Saturday, 14 July 2012


The Great Black-Backed Gull was on the Long Water again, in its usual place on the posts opposite the Peter Pan statue. Here it was joined by the Odd Couple, a pair of a Canada-Greylag hybrid and a Greylag. They have been together for several years. Presumably the hybrid is sterile, so we can't expect any three-quarter Greylag goslings.


The Greylags with new goslings were near the Bluebird boat hire cabin, where some people were feeding and photographing them. The Mute Swans with four cygnets were there too, but their young are no longer tiny and fluffy and cute, and were being ignored. The male swan tried to muscle his way in, but was seen off with furious hissing.
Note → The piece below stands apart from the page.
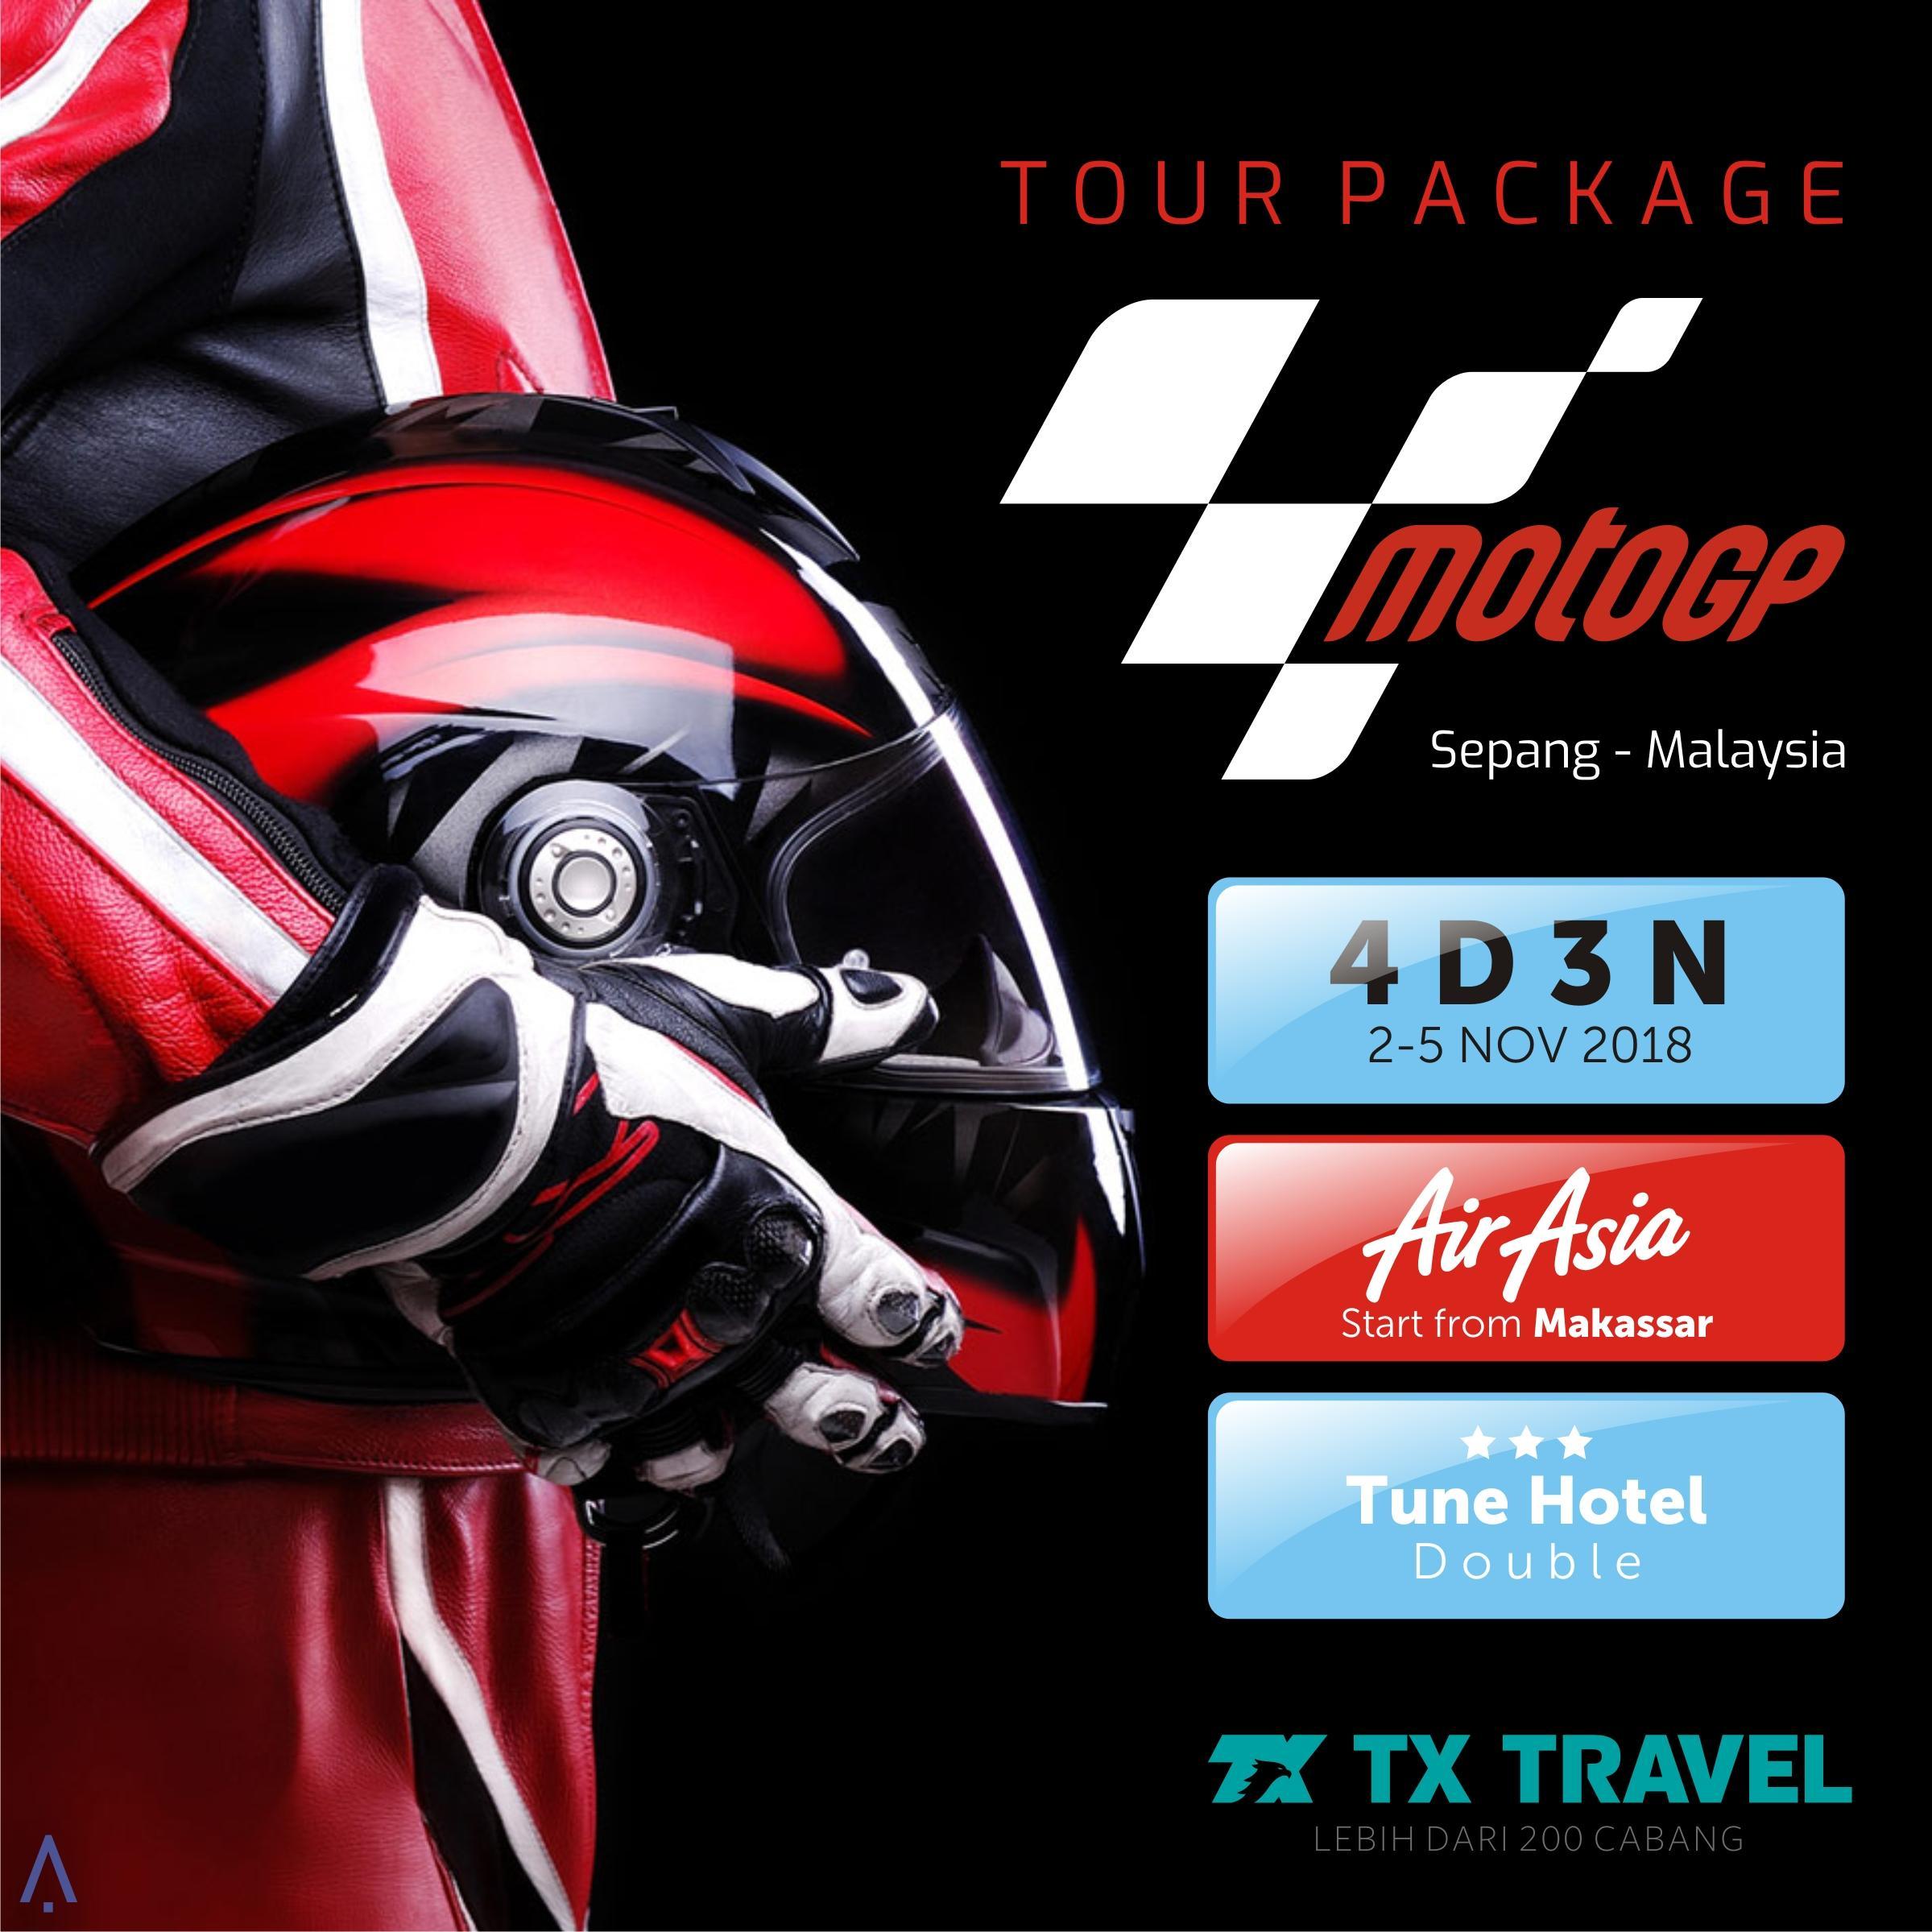 Harga Tiket Pesawat Murah Garuda Terbaru Oktober 2018 Info Daftar Sic Racing Team K2 Uncovered Hillstand Motogp Sepang 2 4 Nov Paket Tur 4d3n Makassar

On the edge of the Serpentine, a brood of five Mallard ducklings were sheltering in a clump of plants while their mother preened herself. These too proved irresistible to the photographers, including me.


The Willow Warbler showed itself briefly at the Lido, dashing between two flower beds. I just had time to notice its pale yellow sides. Overhead, half a dozen House Martins were catching the copious insects, with a Pied Wagtail hunting at a lower altitude.

I went to the Round Pond: another four House Martins and a solitary Swift. Two Lesser Black-Backed Gulls were chasing pigeons, but didn't manage to catch any while I was there. Some of the Greylag Geese, now able to fly again after their moult, had moved up here from the Serpentine, which is increasingly disturbed by the Olympic building site and the hideous thumping and mooing of amplified pop music from the concert enclosure.

But in the areas where the park is not being desecrated by buildings, the persistent rain has made it amazingly green. Here the beautiful mixture of grasses in front of the Queen's Temple takes a purple tint from the flower heads of the picturesquely named Yorkshire Fog grass.